OK, I've spent a loooong time reviewing other posts and trip reports, as well as several guidebooks and websites, and finally have a draft itinerary ready for feedback - thanks in advance! As some background - we currently live in Bangkok and have traveled throughout Asia, but this is our first trip to Japan. Generally we don’t like to pack too many places into our trip; we’d prefer 3 home bases with time to wander and explore. We also try to include at least one smaller town where we can relax a bit. Highlights for us include ethnographic museums, local crafts, flea markets, exploring backstreets and old neighborhoods. Hubby also enjoys anything technical – science/technical/transportation museums, factory tours, etc., though he also likes visiting gardens, local culture, etc. We prefer to leave time each day to wander a bit. Although we are very active, a knee injury makes hiking/climbing and too much walking a problem, so we need to plan some breaks.

Our draft itinerary limits our stays to Tokyo, Kyoto, and Kanazawa, with some day-trips added in. I’d love your feedback - there is just so much to see that it’s hard to prioritize. (Note that the specific sights for each day are still TBD...I just wanted to pencil some ideas in now to be sure I can fit in the sights we most want to see).

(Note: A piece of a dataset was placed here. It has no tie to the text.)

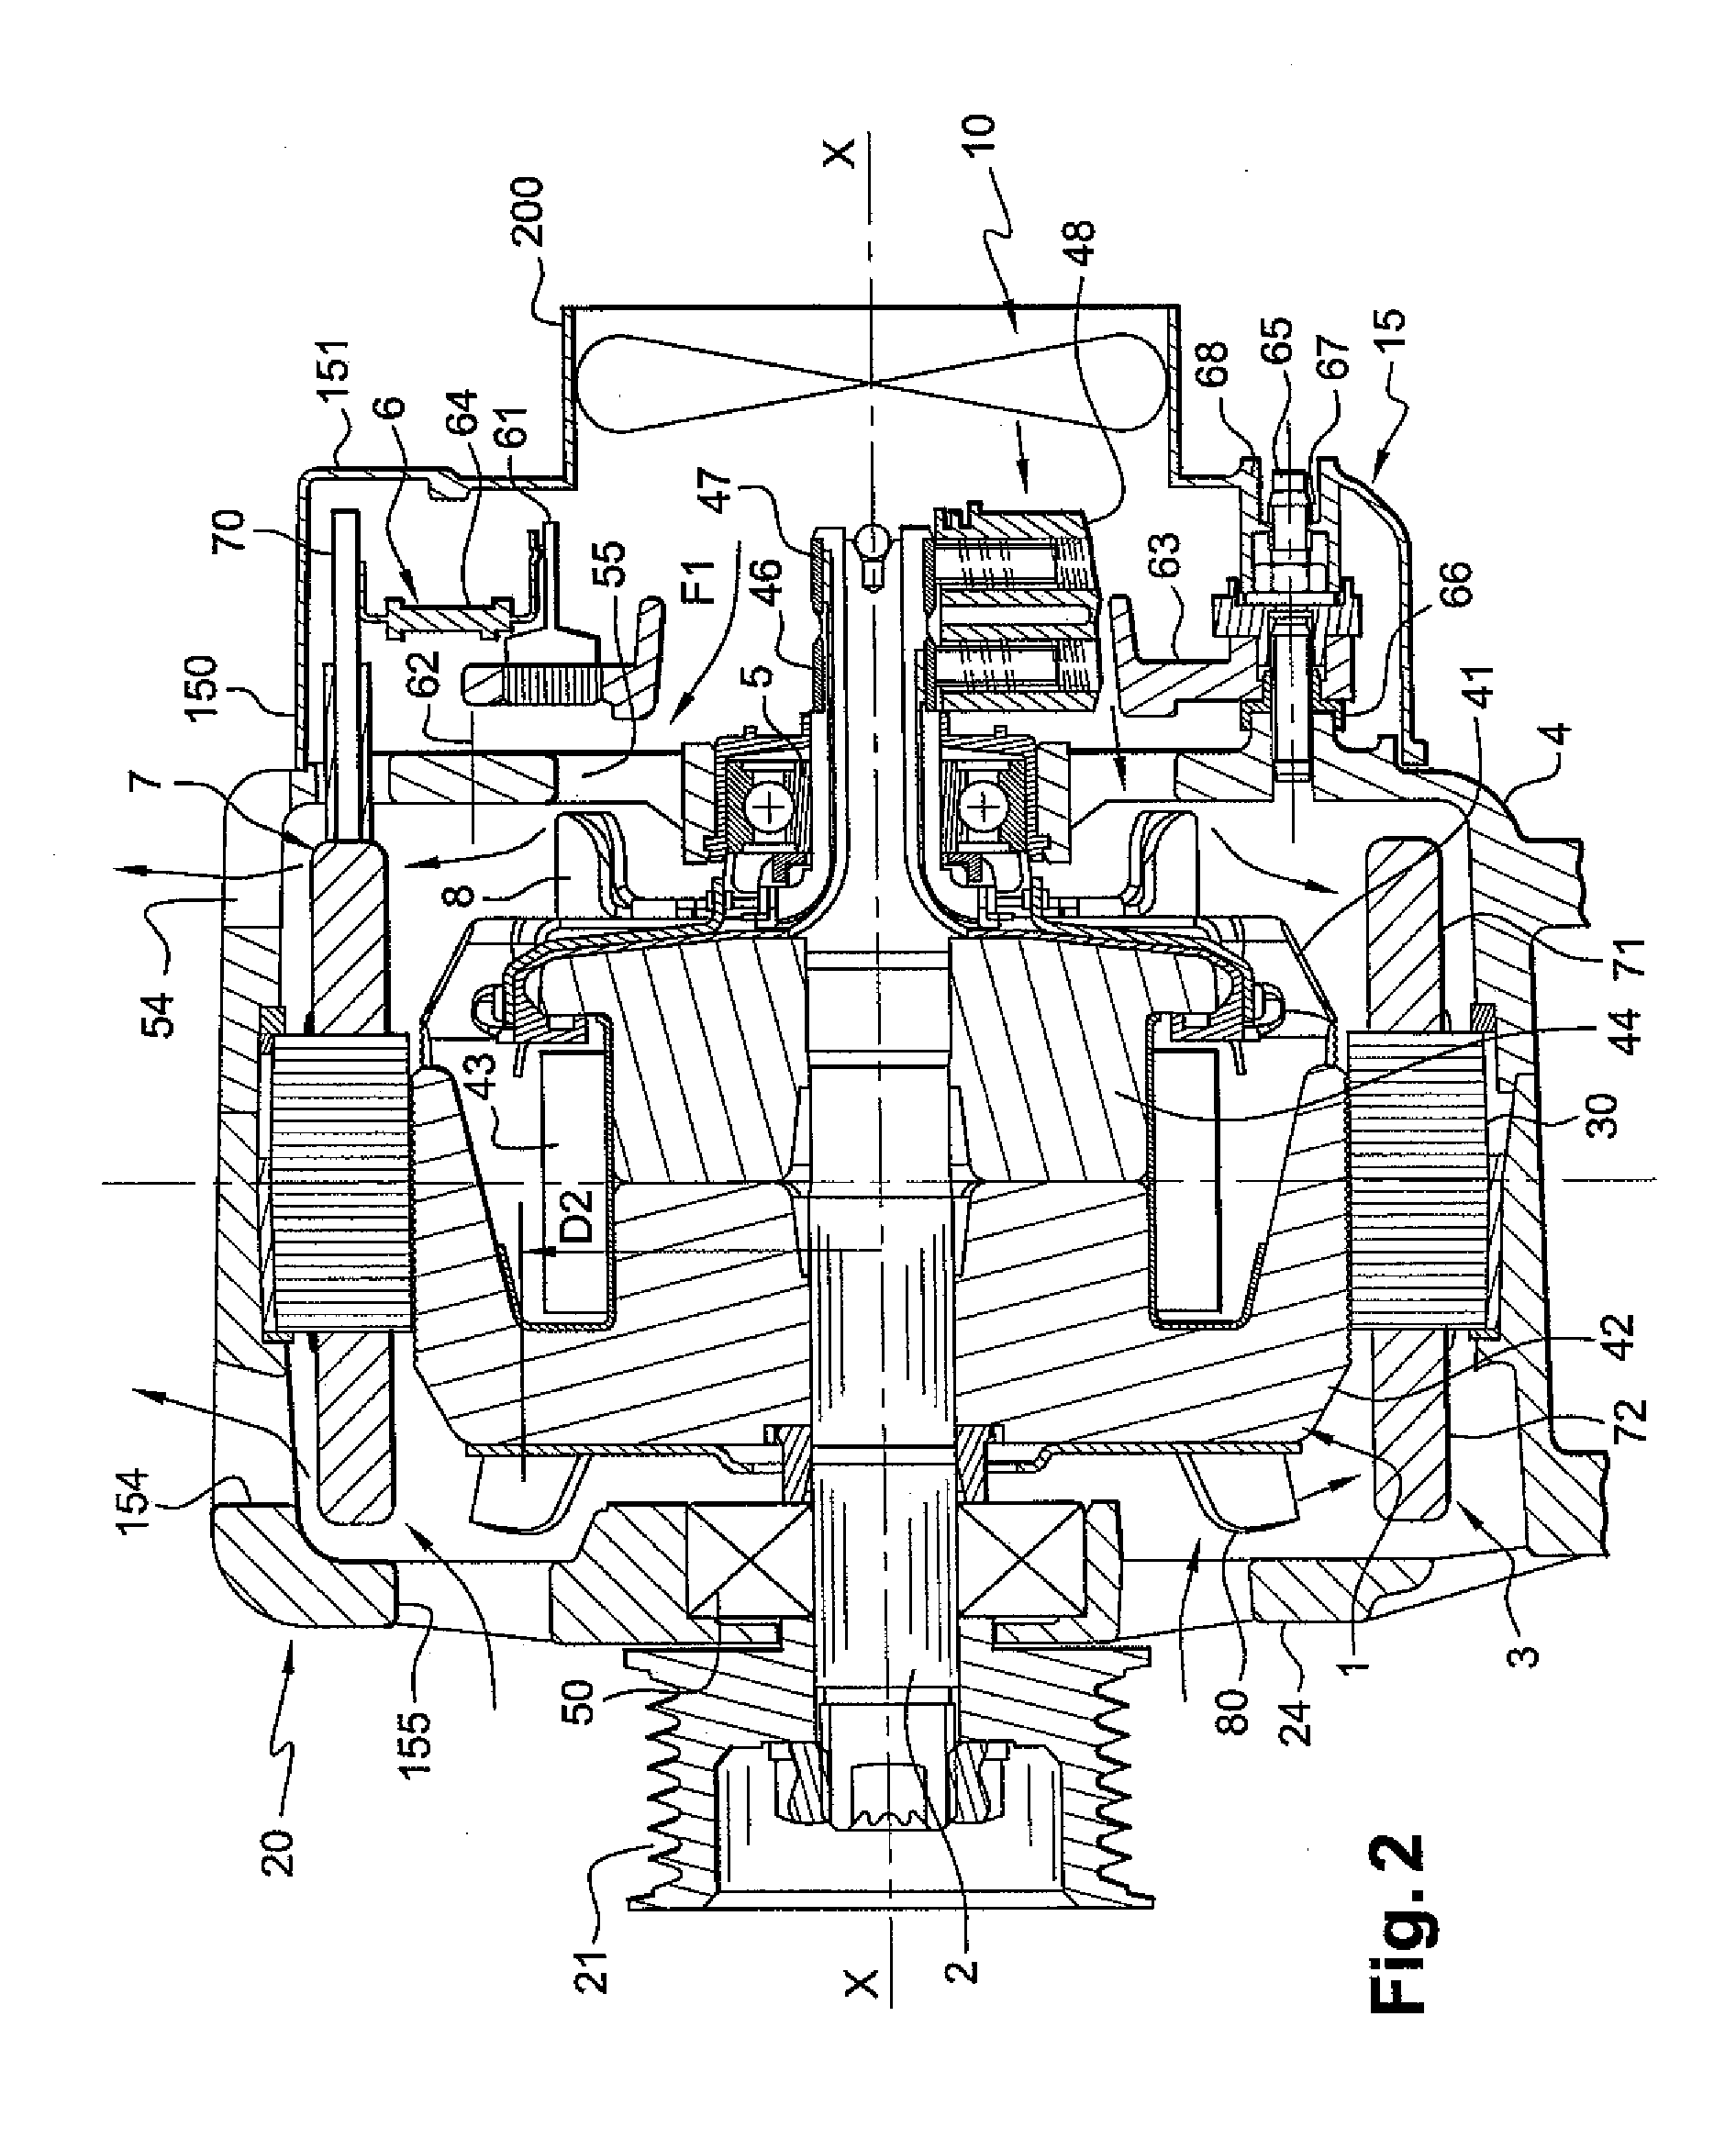 Ventilating system for electrical rotating electrical machines equipped with a forced-fluid flow cooling device and rotating electrical machine comprising same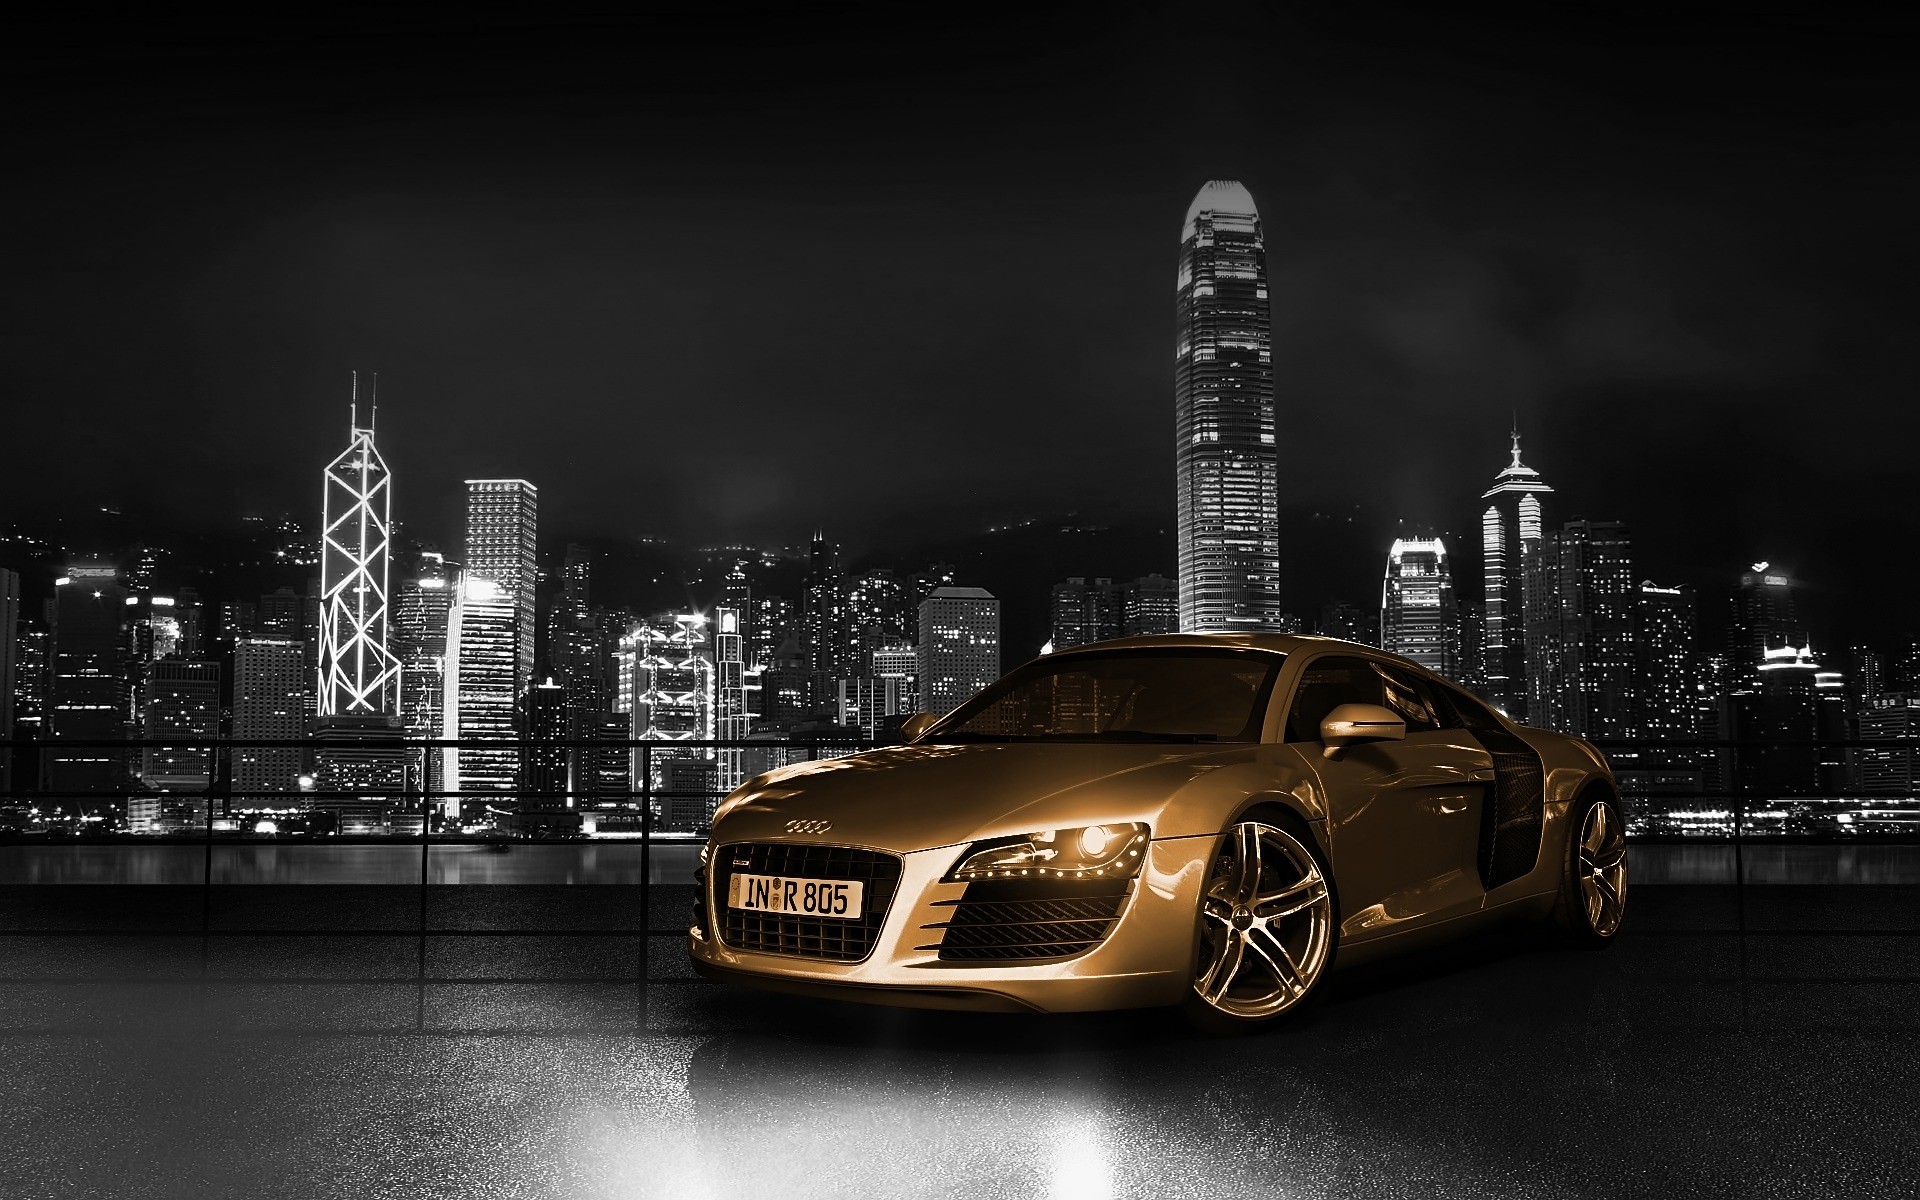 1920x1200 Related Wallpapers from Jaguar Logo Up Close Wallpaper. Audi R8 Wallpapers

Day 1 (Sat 21 Sep) – Arrive in Tokyo.

Day 2 (Sun 22 Sep) – Tokyo
Hope to book a full-day tour w/ Chris Rowthorn to give us an introduction to the city. Tour includes Shinjuku, Harajuku (seeing this area on a Sunday is one of our priorities), Meiji Shrine, and Shibuya.

Day 3 (Mon 23 Sep) – Tokyo
Central Tokyo – Tsukiji Fish Market, Imperial Palace and Garden, Ginza.

Day 4 (Tue 24 Sep) – Tokyo
Akihabara (definitely want to see the anime/manga area, bookstores) and the Edo Museum, which I think will be a highlight for us.

Day 5 (Wed 25 Sep) – Tokyo
Ueno Park and museums, Yanasen area, Yanaka neighborhood.

Day 6 (Thu 26 Sep) – Tokyo
Wander the Asakusa area. Visit the Sky Tree.
Take a Kojo Moe night factory tour in Yokohama or Kawasaki. (Buses leave from Tokyo).

Day 7 (Fri 27 Sep) – Tokyo
Museum of Emerging Science (take the elevated train to Odaiba for this). Visit the Toyota History Garage?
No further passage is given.